= What is being asked =
Pictures aside, reproduce exactly and only the lines from the one containing "La princesse Mary" through the end of the records.

= Dataset =
========

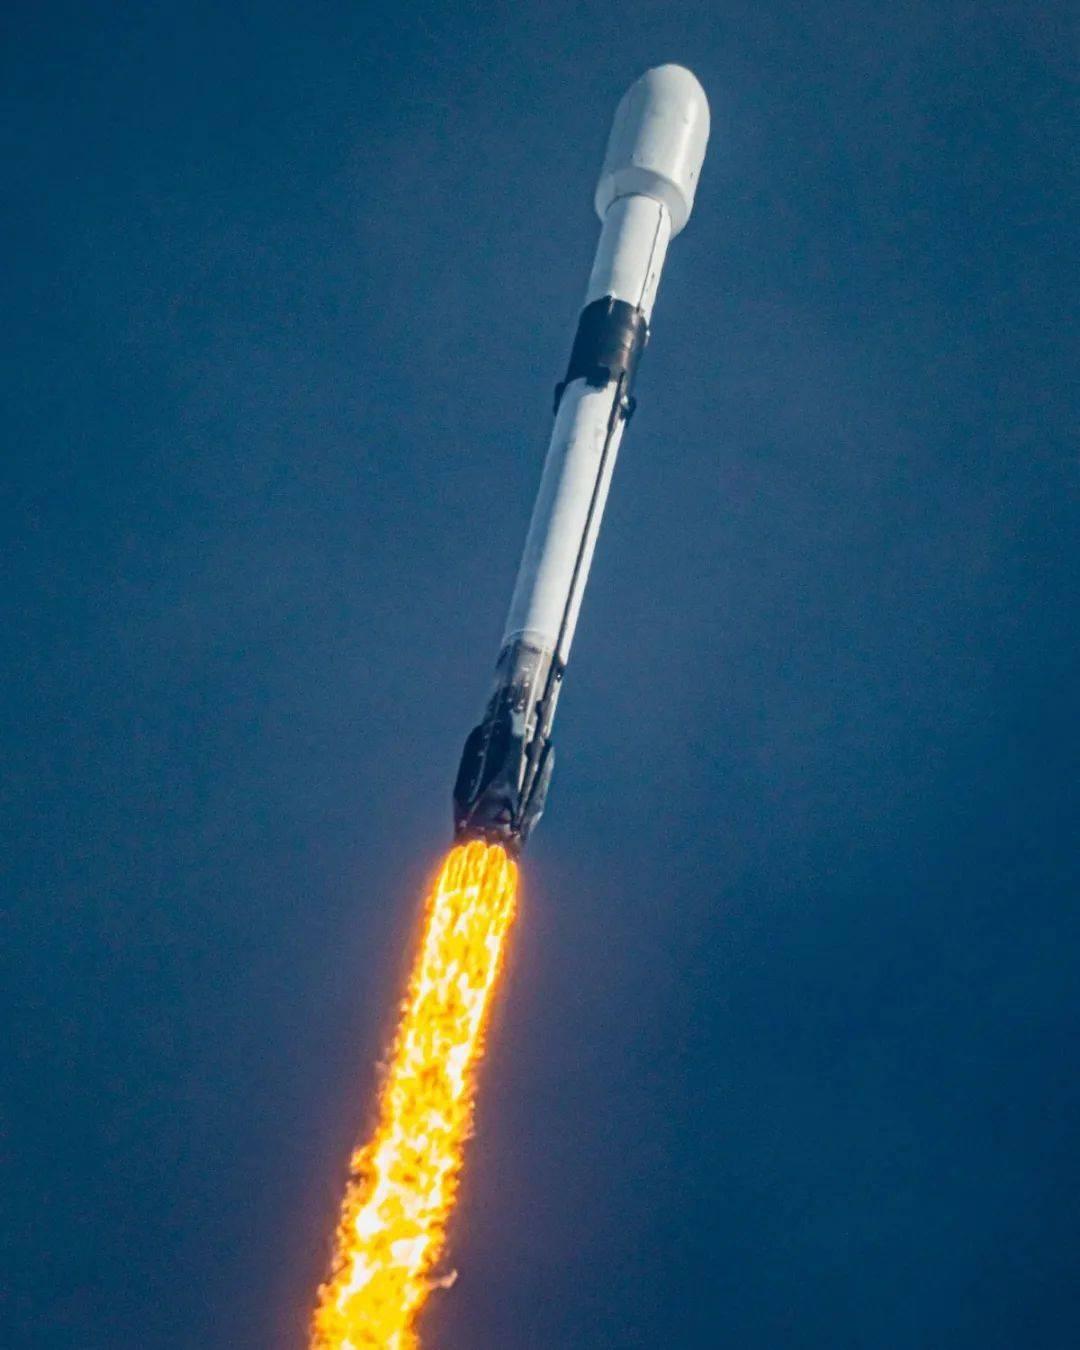 一箭143星SpaceX刷新全球发射之最,占目前在轨卫星总量5%!
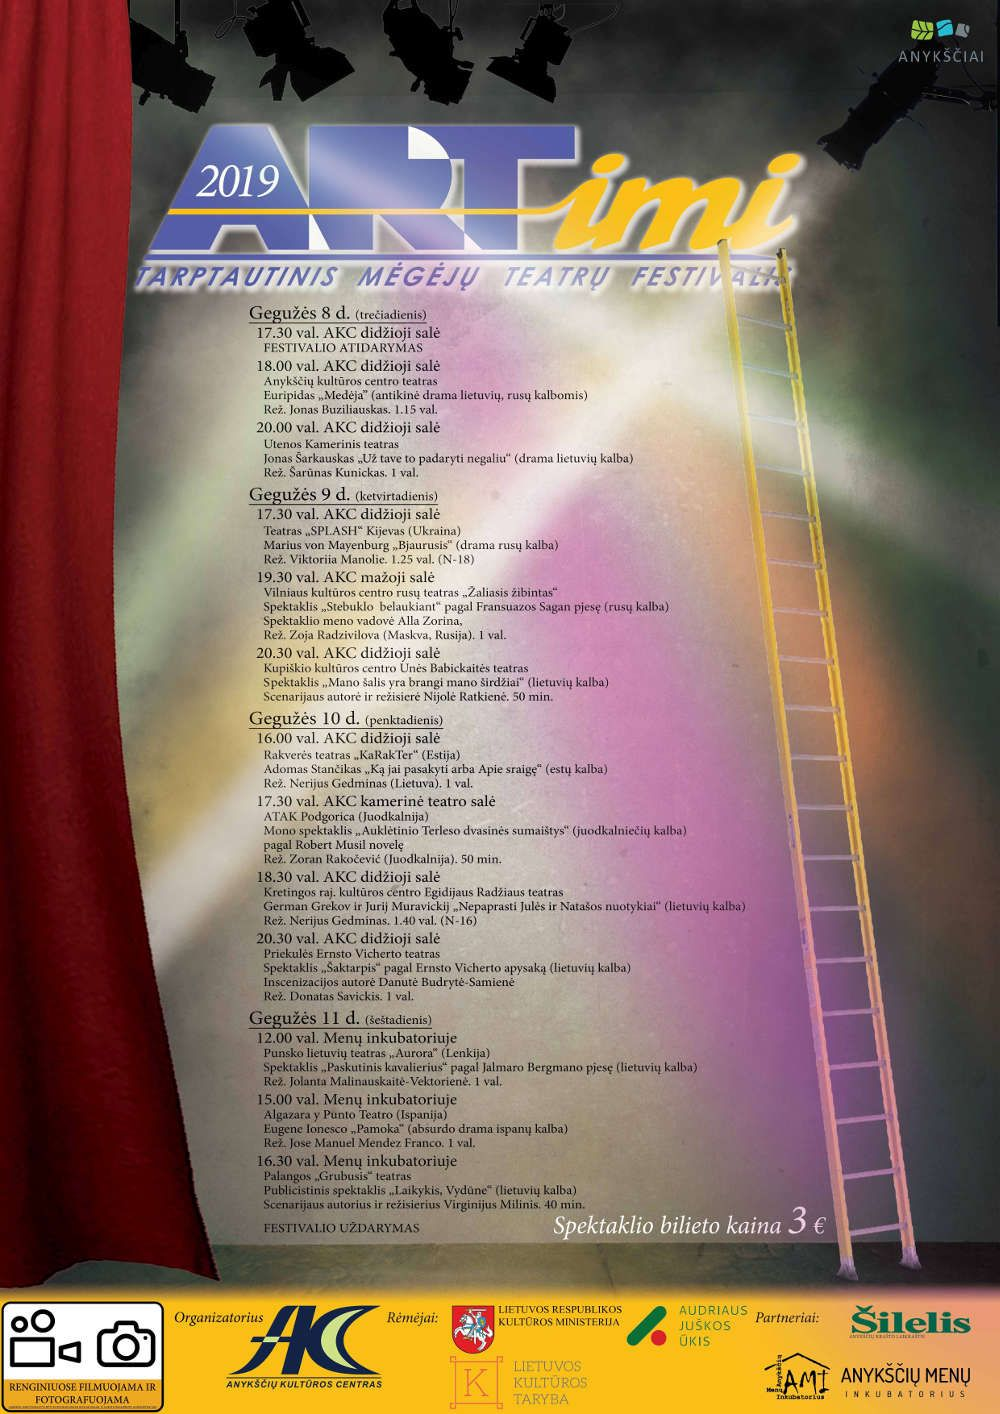 """Tarptautinis mėgėjų teatrų festivalis """"ARTimi"""" (2019) / FESTIVALIO ATIDARYMAS"""
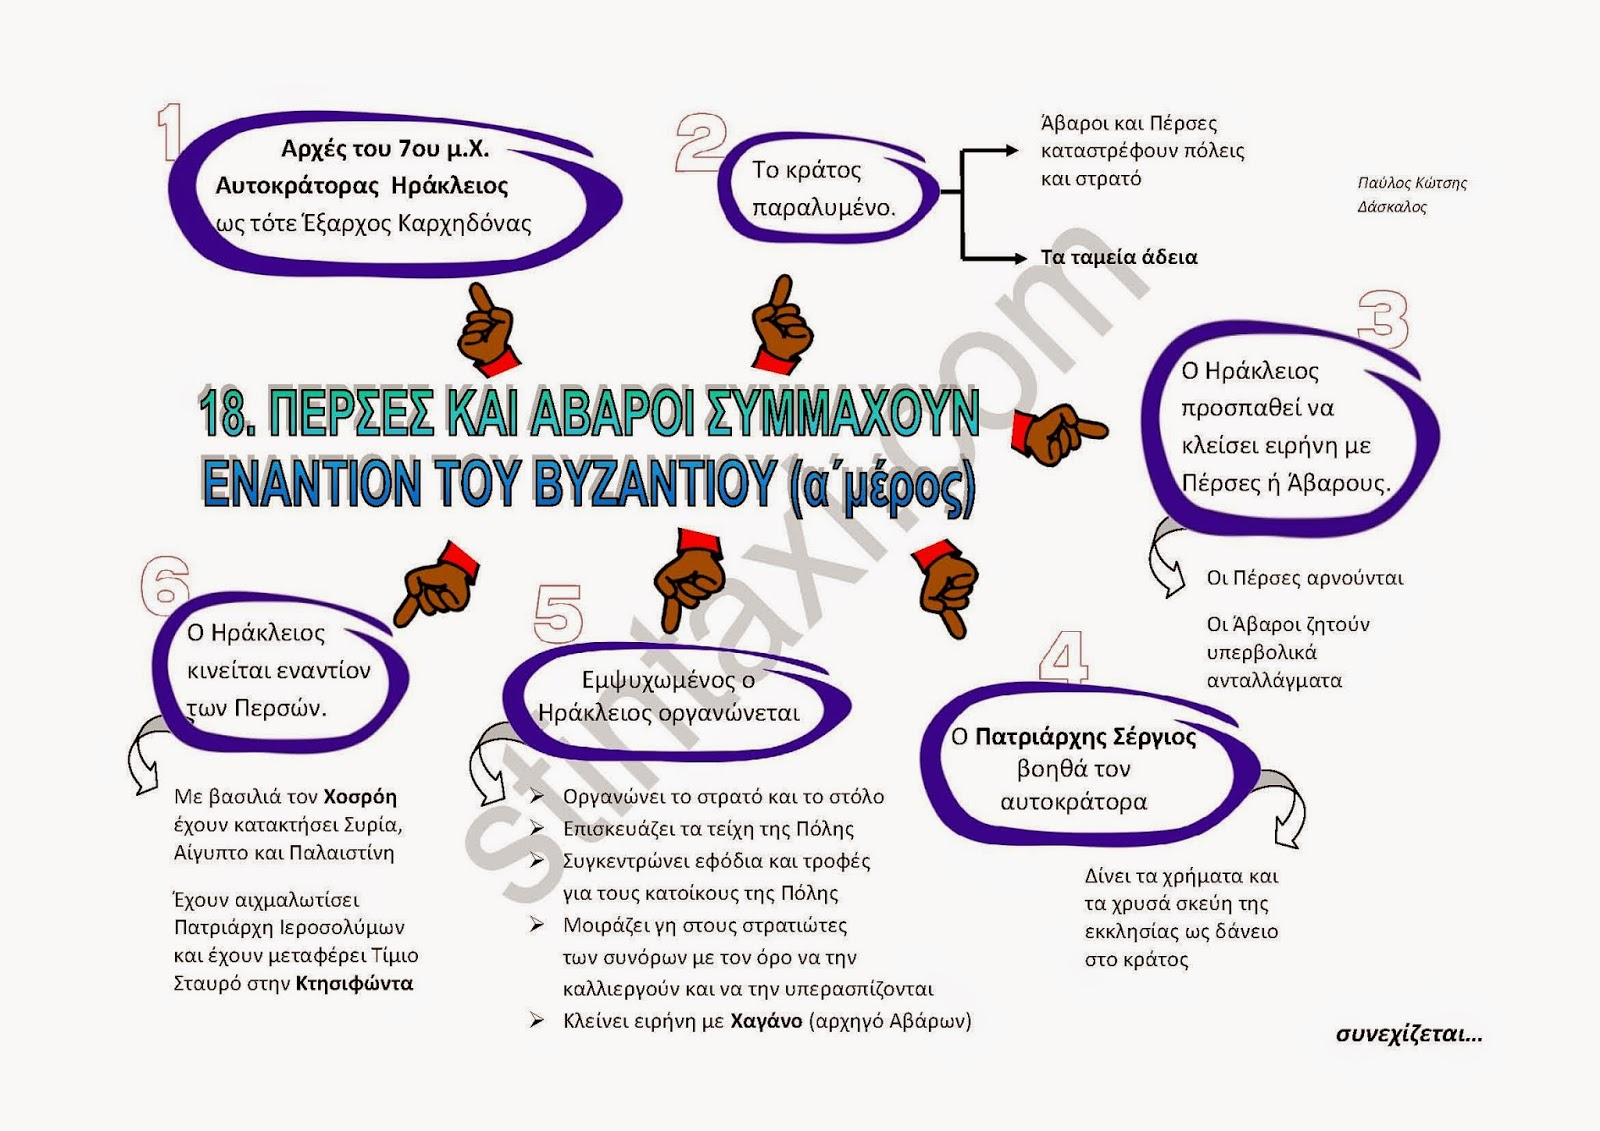 http://www.stintaxi.com/uploads/1/3/1/0/13100858/hist-e-18a-v2.pdf
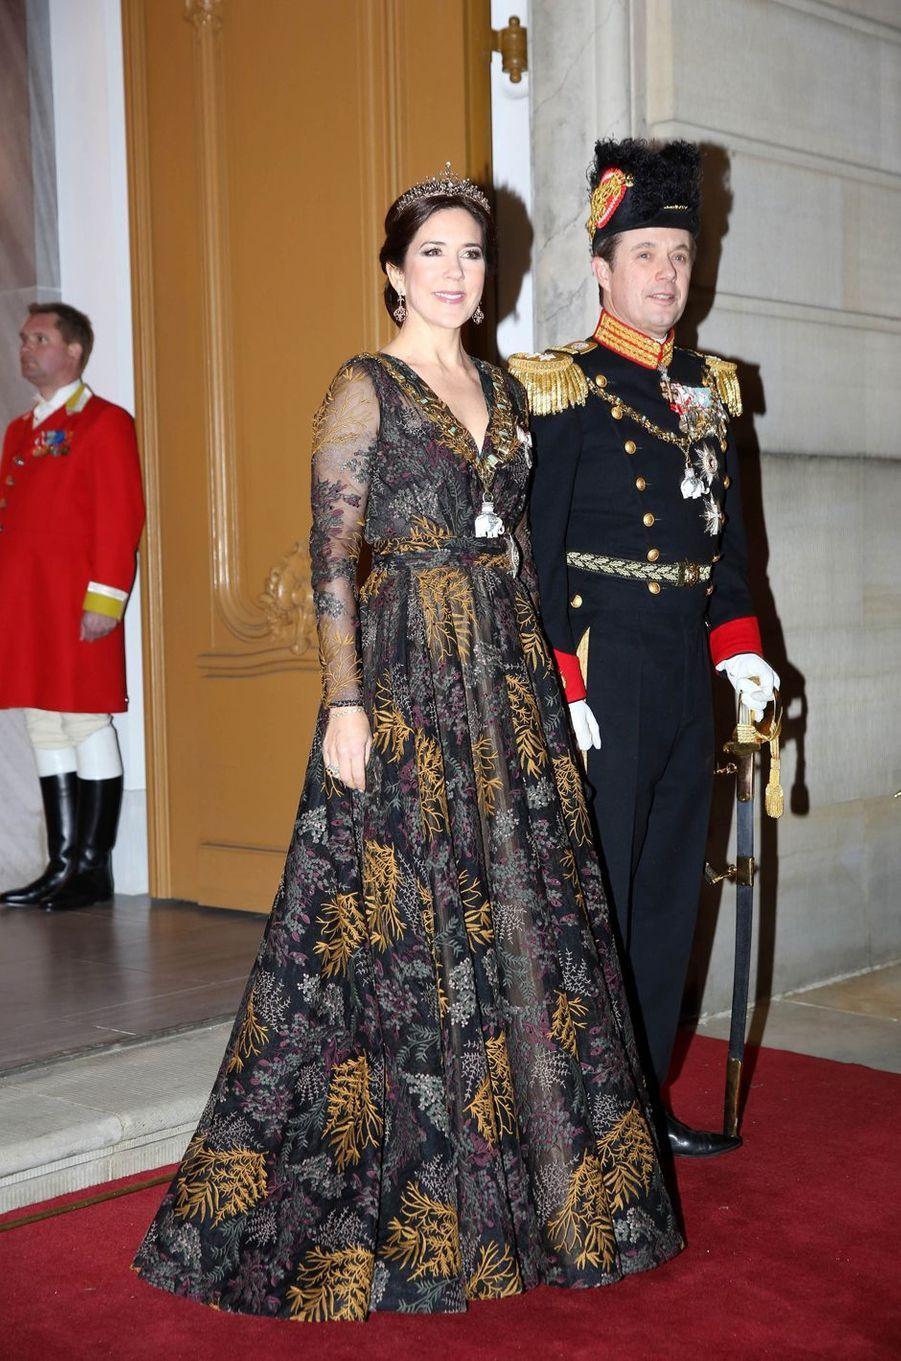 La princesse Mary et le prince Frederik de Danemark à Copenhague, le 1er janvier 2019
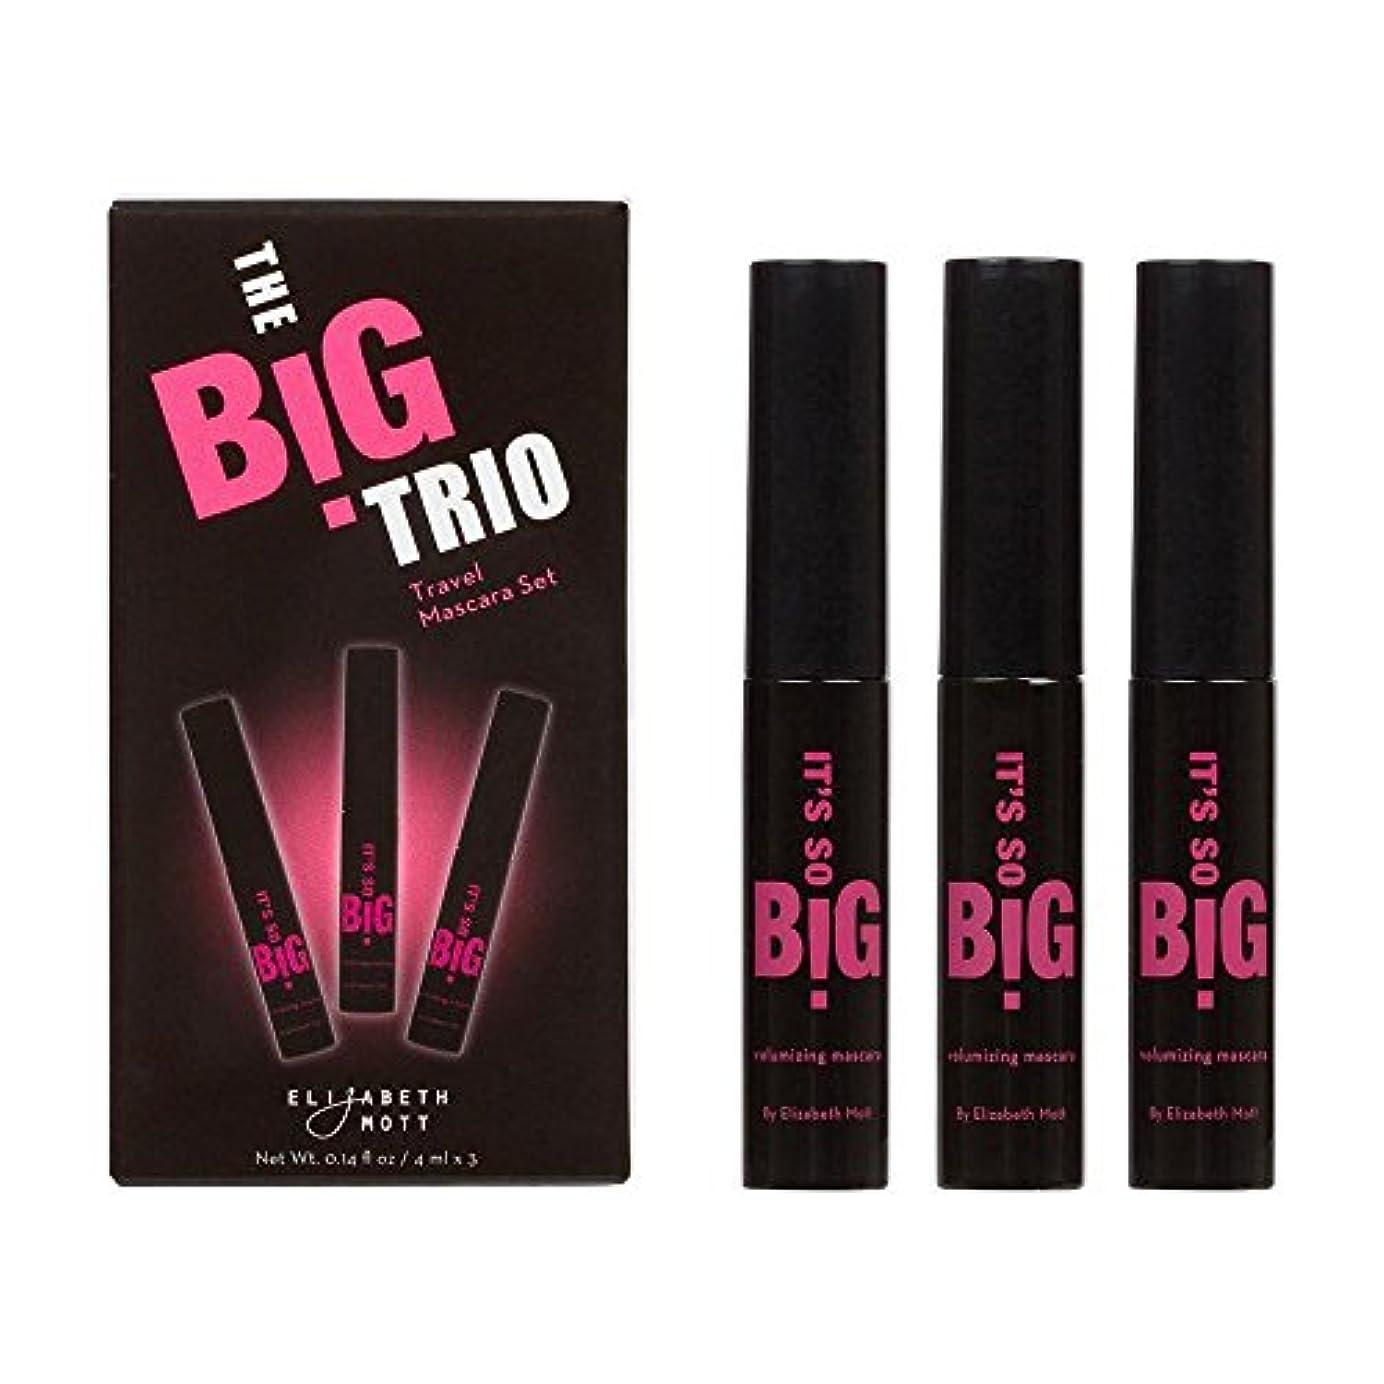 初期要求降伏エリザベス?モット?マスカラ(3パック )It's So BIG Volumizing Mascara (Black) by Elizabeth Mott Travel Set 3-pack Trio (4ml x 3)

========

= Written solution =
 La princesse Mary et le prince Frederik de Danemark à Copenhague, le 1er janvier 2019
 初期要求降伏エリザベス?モット?マスカラ(3パック )It's So BIG Volumizing Mascara (Black) by Elizabeth Mott Travel Set 3-pack Trio (4ml x 3)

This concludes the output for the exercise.